Finally, we used the population branch statistics (PBS) to identify 121 candidate genes selected by Scythian breeders (table S14). As segmental duplications affect patterns of sequence variation, we filtered copy number variations (CNVs) (fig. S13) and found significant functional enrichment for development of the anteroposterior axis and carpal bones (hypergeometric test, adjusted P values ≤ 0.0438) (tables S18 and S23). Genes expressed in the pectoral appendage apical ectodermal ridge, the tibia, the clavicle, and the radius bone, were also overrepresented (tables S21 and S25). This finding is consistent with the increased robustness measured on Berel’ metacarpals (and in other Altay Scythian horses), compared with present-day Mongolian horses (9).

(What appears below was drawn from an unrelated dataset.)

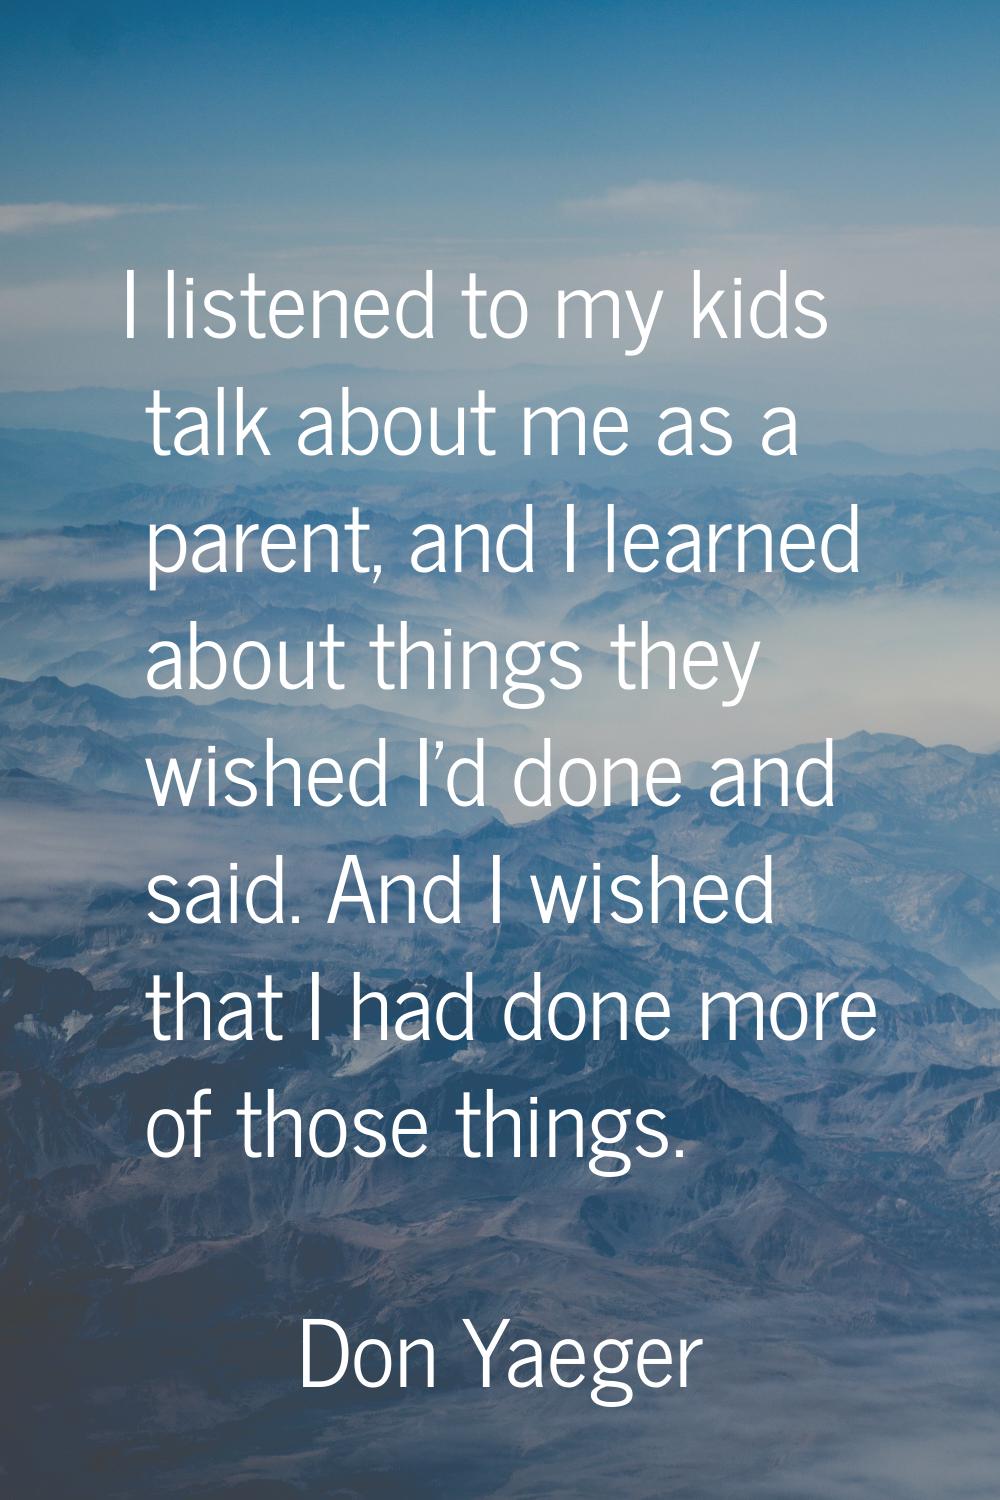 I listened to my kids talk about me as a parent, and I learned about things they wished I'd done an

Breast and mammary glands also appeared functionally overrepresented, together with the posterior pituitary, which produces the neurohypophysal hormones oxytocin and vasopressin (hypergeometric test, adjusted P ≤ 0.0493) (tables S18 and S23). Although the former is involved in uterine contraction, lactation, and social bonding between humans and dogs (20), the latter stimulates water retention. Genes transcribed in the urothelium and kidney vasculature were enriched among the tissues where the selection candidates are expressed (table S21). Altogether, these findings suggest that Scythians may have favored gene variants facilitating horse milking, which was practiced since ~5.5 ka (1), and minimizing water loss, an advantage in dry steppe areas where daily water sources are scarce.

The 14 ancient genomes reported here have strong implications for the horse domestication process. First, it has recently been discovered that a now-extinct lineage of wild horses existed in the Arctic until at least ~5.2 ka and significantly contributed to the genetic makeup of present-day domesticates (14, 15). The timing of the underlying admixture event(s) is, however, unknown. Using D statistics, we confirmed that this extinct lineage shared more derived polymorphisms with the Sintashta and especially Scythian horses than with present-day domesticates (Fig. 2B). The domestic horse lineage, thus, experienced a net loss of archaic introgressed tracts within the past ~2.3 ky.

Furthermore, predomestication horses carry fewer deleterious mutations than present-day domesticates (14). This suggested that the demographic collapse associated with domestication reduced the efficacy of purifying selection in filtering out deleterious alleles. However, using phyloP scores (21) as proxies for the fitness consequences of mutations, we found lower mutational loads in Sintashta and Scythian horses than in both present-day horses and previously sequenced predomestication genomes (14, 15) (Fig. 2C). This pattern was not driven by differences in genome coverage (fig. S29). Therefore, the excess of deleterious mutations in present-day horses—functionally overrepresented in open wounds (hypergeometric test, adjusted P = 0.0402), seizures (0.0390), and dementia (0.0197)—is likely not a consequence of early domestication but of the past ~2.3 ky of breeding.

Our data challenge the evolutionary paradigm that the domestic horse lineage was founded by a limited number of stallions and constantly restocked through mares. The mitochondrial diversity of present-day horses is similar to that of Berel’ horses, both in terms of nucleotide diversity (π in Fig. 2D) and haplotypes spread across the entire mitochondrial tree (figs. S3 and S5). For the Y chromosome, Scythian horses showed a 9.45-fold increase in π (Fig. 2D) and many additional haplotypes compared with the few segregating in present-day domesticates (Fig. 2A). This is in agreement with the divergent Scythian haplotype previously reported (22) and reveals a large diversity of domestic male founders taking part in early domestication. The reduction in the stallion population size during the past ~2.3 ky also resulted in a severe decline in the overall effective population size, as reflected by the reduced autosomal π within present-day horses (Fig. 2D). It did not, however, affect the X-to-autosomal diversity (π) ratio, which remains below the 0.75 random mating expectation and is similar in both Berel’ and present-day domesticates (~0.55 to 0.60). Present-day domesticates, however, lost diversity for the X chromosome, especially within a ~13-Mb region also showing high fixation index (FST) values with Berel’ horses (fig. S14) and enriched in genes associated with intellectual disability (hypergeometric test, adjusted P = 0.0032); behavior (0.0002 to 0.0032); and long fingers (0.0016) (tables S17 and S20).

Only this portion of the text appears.